Without the pictures, copy all of the data exactly.

Stored dataset items
┌──
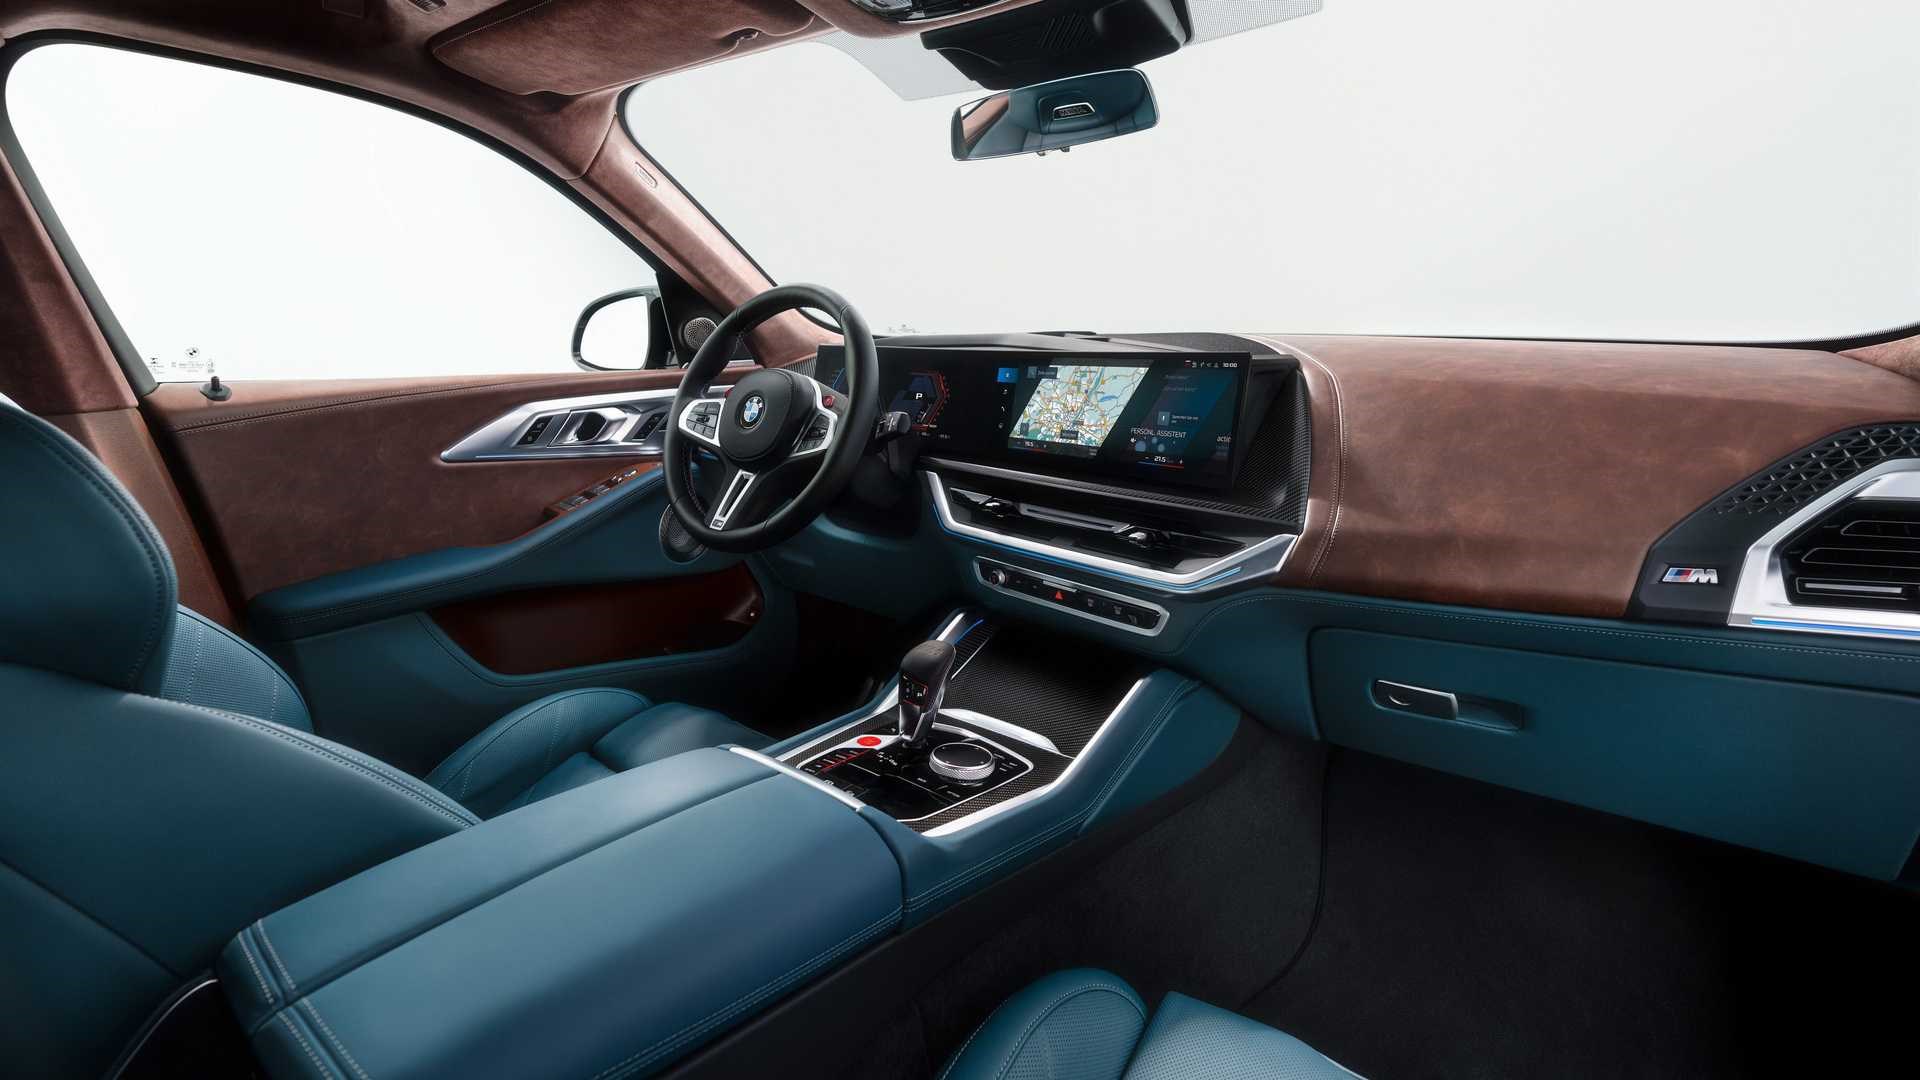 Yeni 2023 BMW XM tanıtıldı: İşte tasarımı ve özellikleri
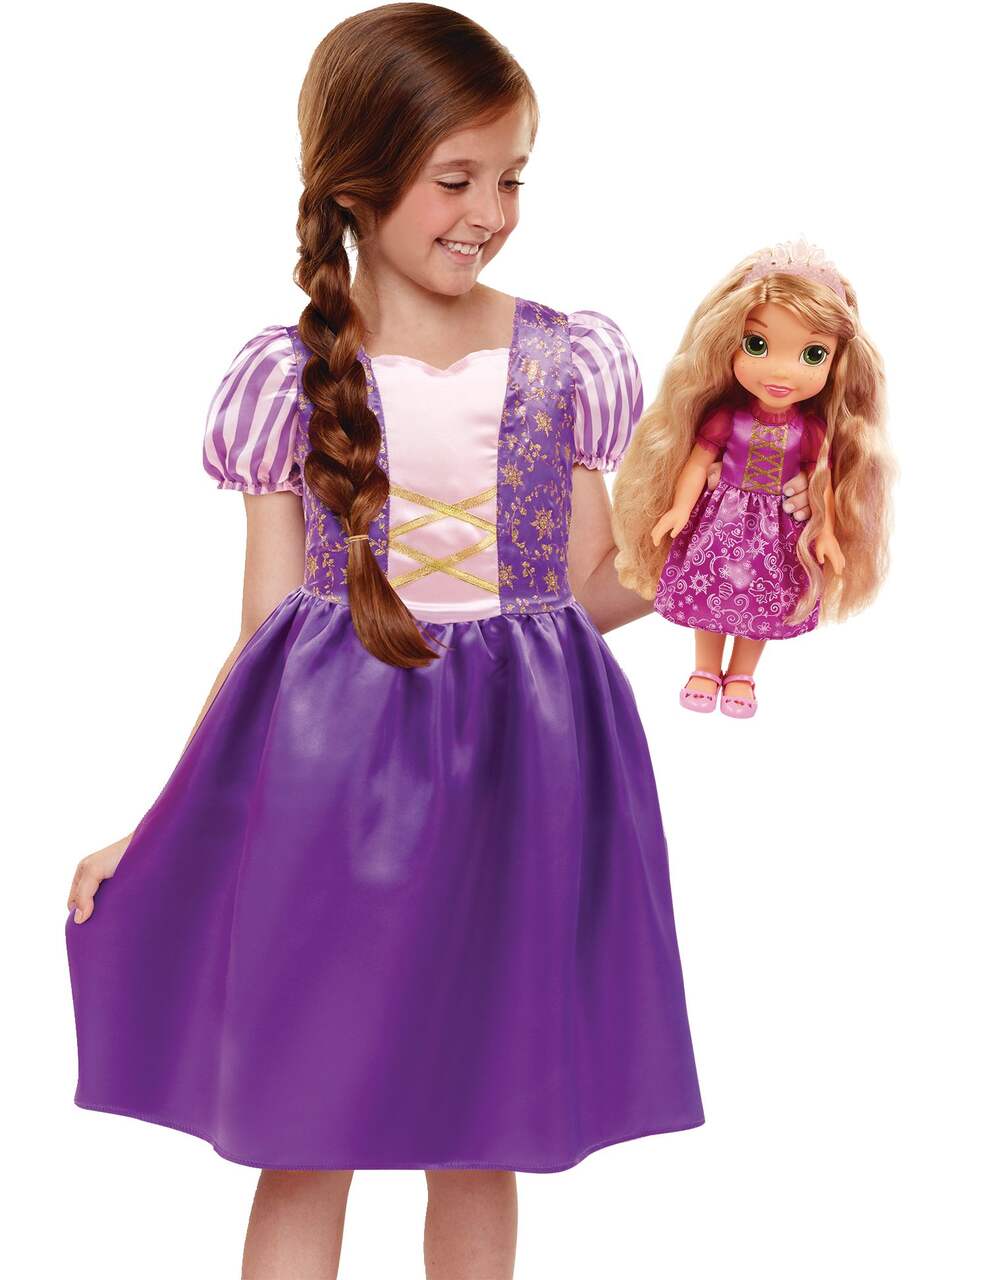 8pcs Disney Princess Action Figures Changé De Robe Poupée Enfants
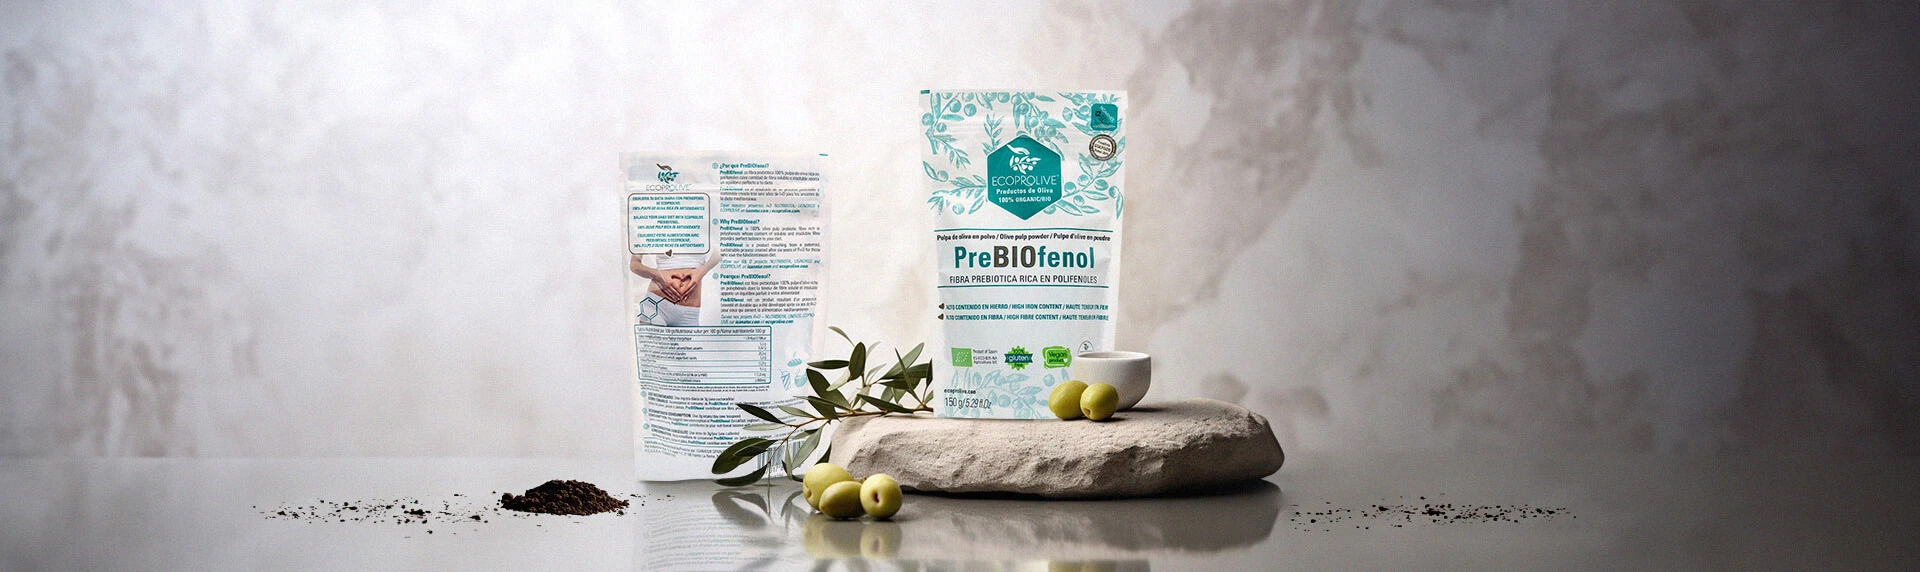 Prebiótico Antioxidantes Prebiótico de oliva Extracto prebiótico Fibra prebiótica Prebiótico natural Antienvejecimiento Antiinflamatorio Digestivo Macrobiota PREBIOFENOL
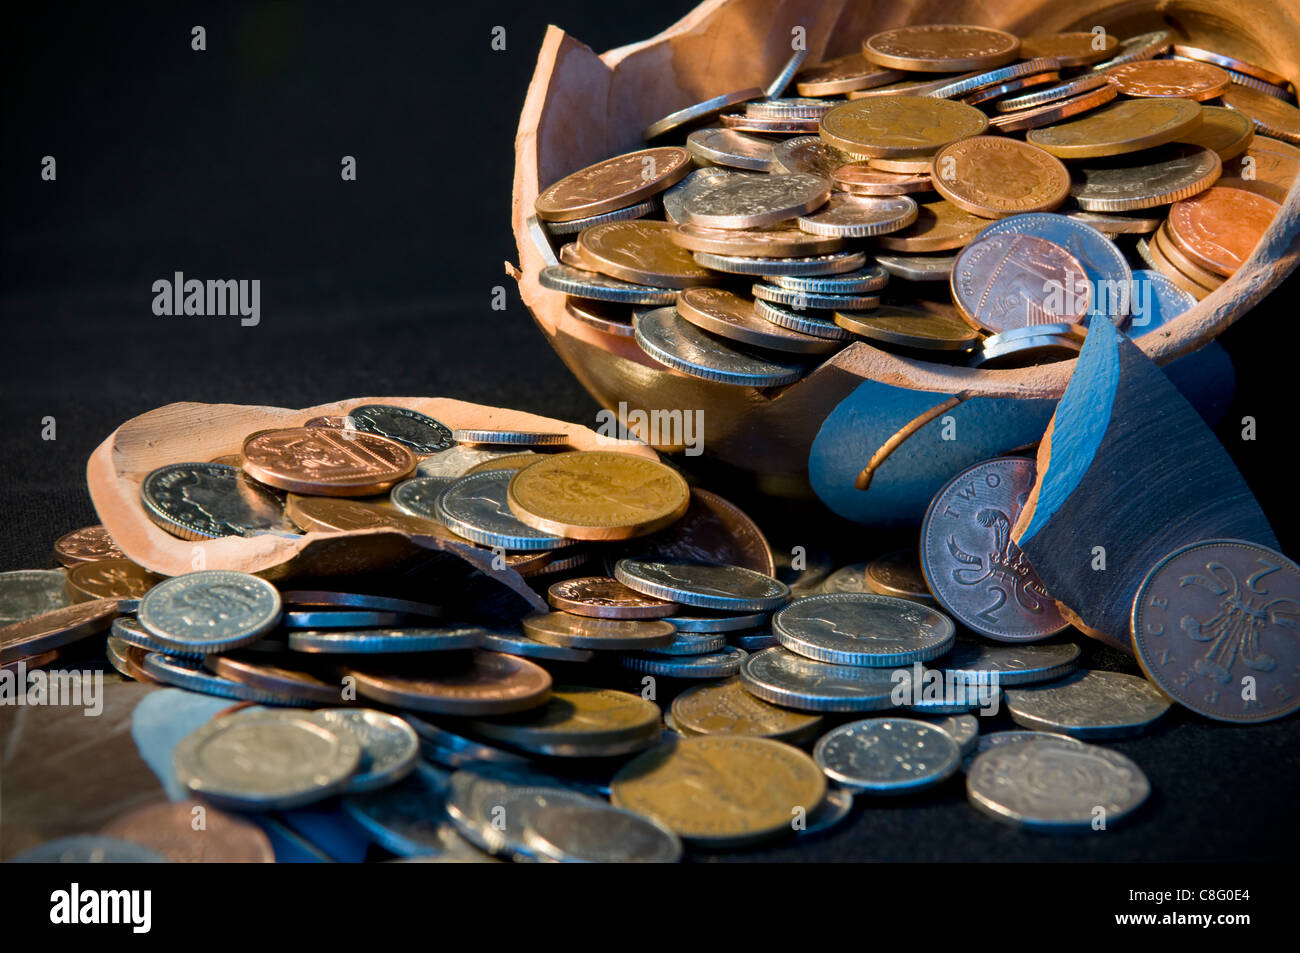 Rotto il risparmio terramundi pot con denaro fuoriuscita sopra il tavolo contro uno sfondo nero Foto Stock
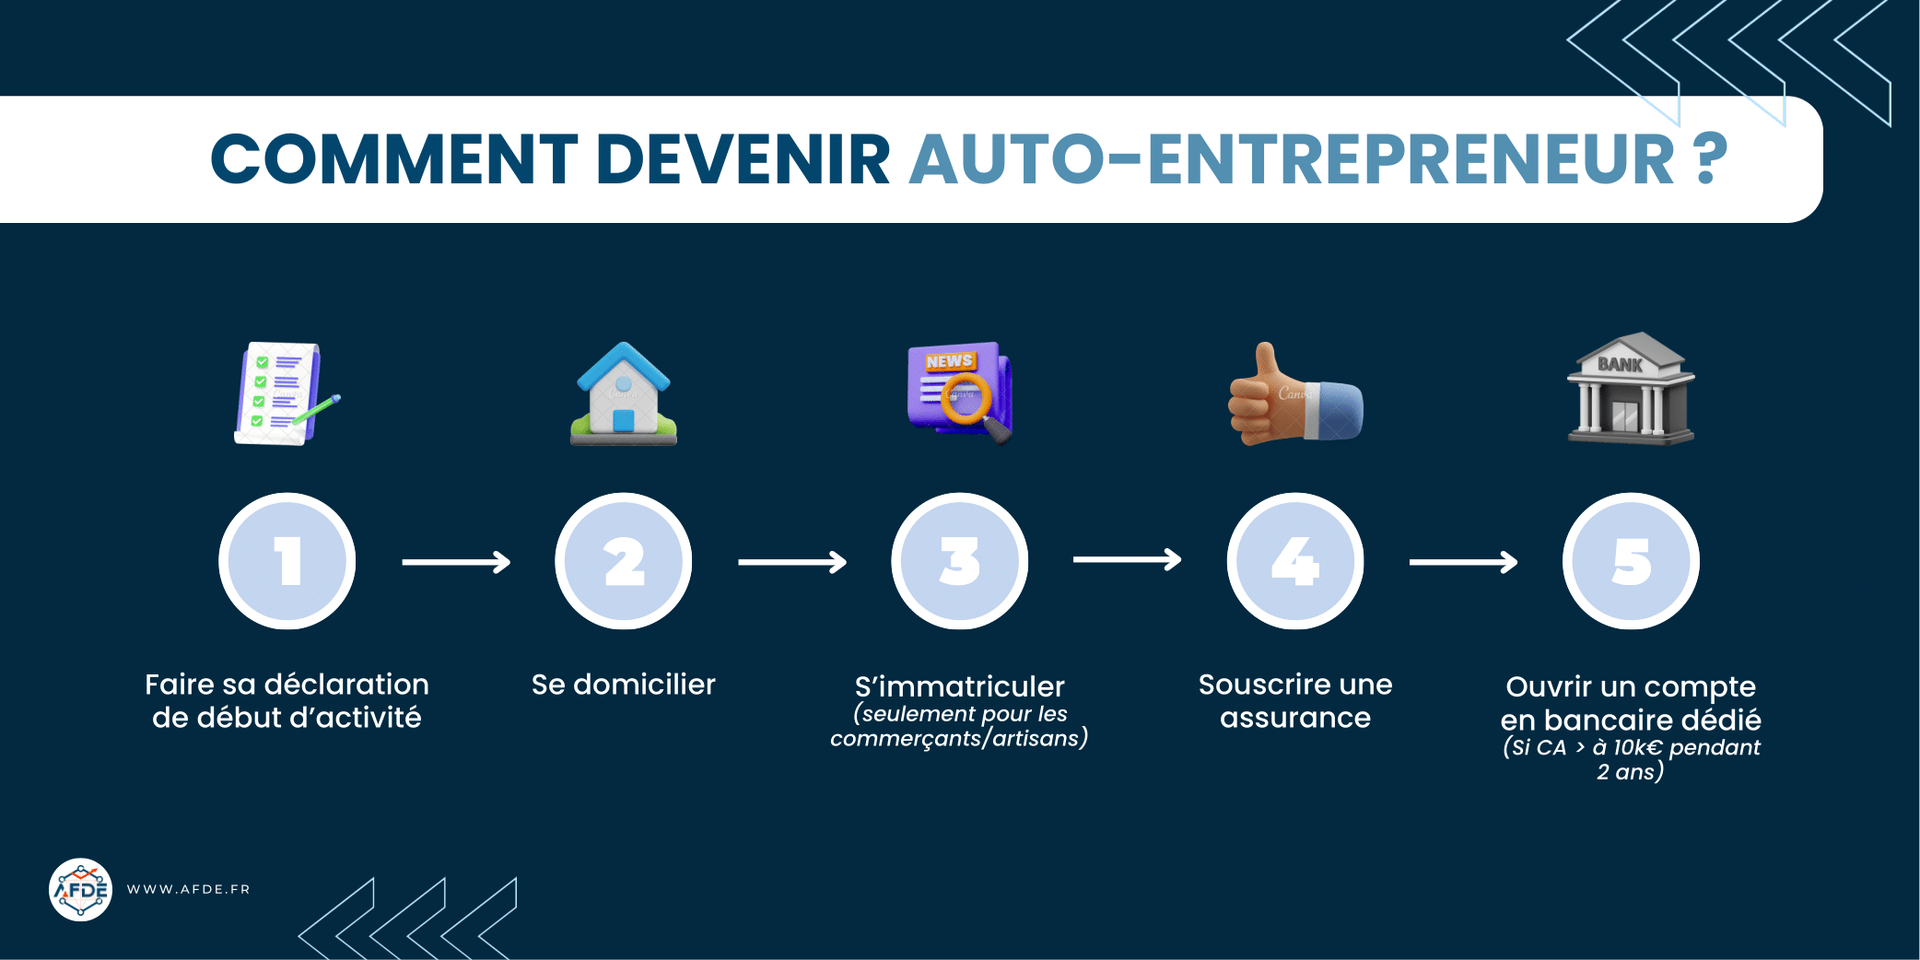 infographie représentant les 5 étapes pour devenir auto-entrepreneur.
└──
Result of the task:
 Yeni 2023 BMW XM tanıtıldı: İşte tasarımı ve özellikleri
 8pcs Disney Princess Action Figures Changé De Robe Poupée Enfants
 Prebiótico Antioxidantes Prebiótico de oliva Extracto prebiótico Fibra prebiótica Prebiótico natural Antienvejecimiento Antiinflamatorio Digestivo Macrobiota PREBIOFENOL
 Rotto il risparmio terramundi pot con denaro fuoriuscita sopra il tavolo contro uno sfondo nero Foto Stock
 infographie représentant les 5 étapes pour devenir auto-entrepreneur.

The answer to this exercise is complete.